Pour le moment, le travail à la carrière Rinnen est terminé. D’autres sites comme Bascharage, qui a déjà permis de découvrir un calamar vampire, ou le chantier du futur vélodrome de Mondorf ont, eux aussi, d’autres secrets à révéler. Le MNHN se doit donc de rester à l’affût, car on ne sait jamais quand une opportunité peut se présenter. «Il y a toujours de nouvelles perspectives, même à court terme, s’enthousiasme Ben Thuy. Mais on va garder un œil sur Consthum. C’est certain que la carrière renferme encore beaucoup de merveilles paléontologiques.»
Un site riche en fossiles
La carrière Rinnen est un lieu incontournable pour les paléontologues. Lors du Dévonien, une période géologique datant d’il y a 400 millions d’années, le site se trouvait au niveau du delta d’un fleuve dont les méandres ont permis de conserver de nombreux débris de plantes et d’animaux. «Ce sont les premiers êtres vivants à avoir conquis la terre ferme», explique Ben Thuy. Plusieurs campagnes de fouilles ont déjà fait ressortir plusieurs arthropodes comme les fameux scorpions aquatiques ou les premières araignées terrestres.

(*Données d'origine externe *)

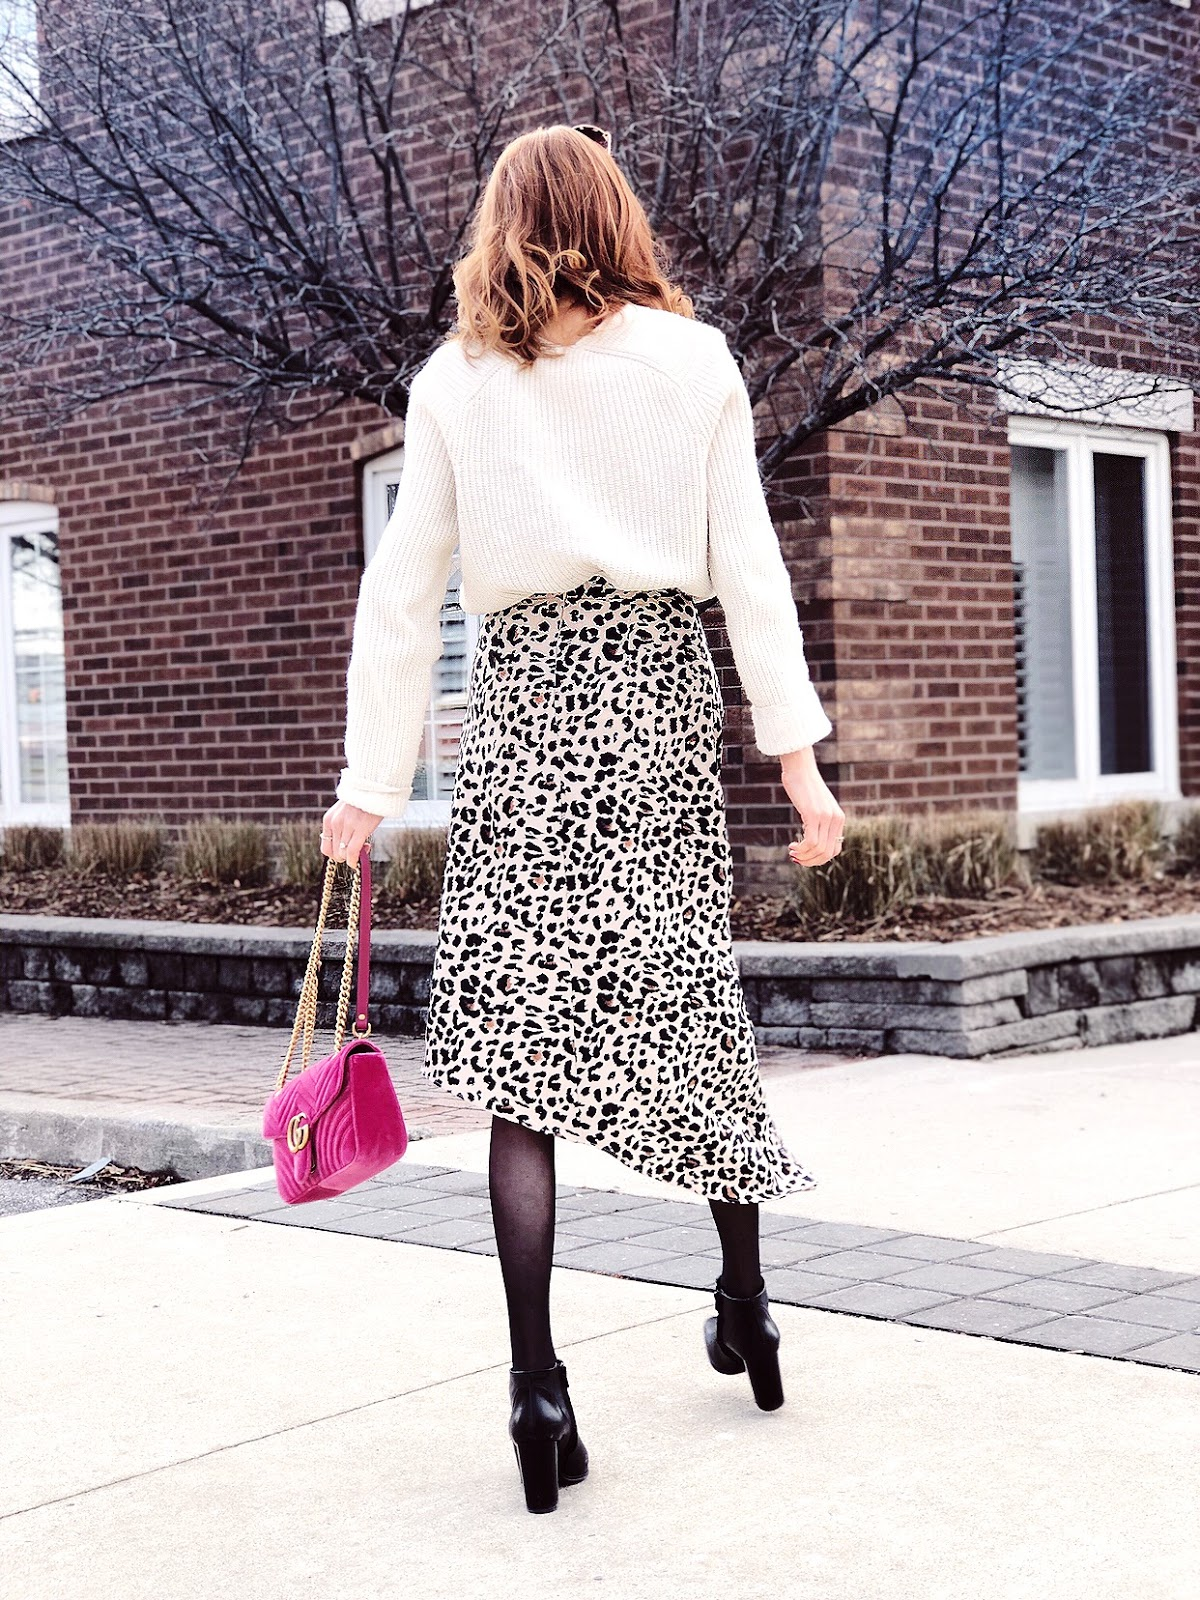 Dynamite Asymmetrical Satin Leopard Skirt, Gucci velvet pink marmont

La carrière a aussi un autre grand avantage : des responsables conscients de sa valeur scientifique, chose précieuse pour les paléontologues. Souvent perçus comme des trouble-fêtes, au même titre que les archéologues, ils sont synonymes de ralentissement, voire d’arrêt des chantiers pour certaines entreprises. «Ici, nous avons un accord à l’amiable avec Rinnen pour fouiller le site sans déranger les travaux.» Ils ont même déjà donné un coup de pelle quand l’équipe de Ben Thuy en avait besoin. «Juste avant de commencer les dernières fouilles, il y a eu un écroulement sur la couche fossilifère. J’ai pensé quelques minutes à annuler les fouilles avant d’appeler le chef de la carrière; quinze minutes après, des engins étaient là pour nous aider à déblayer.»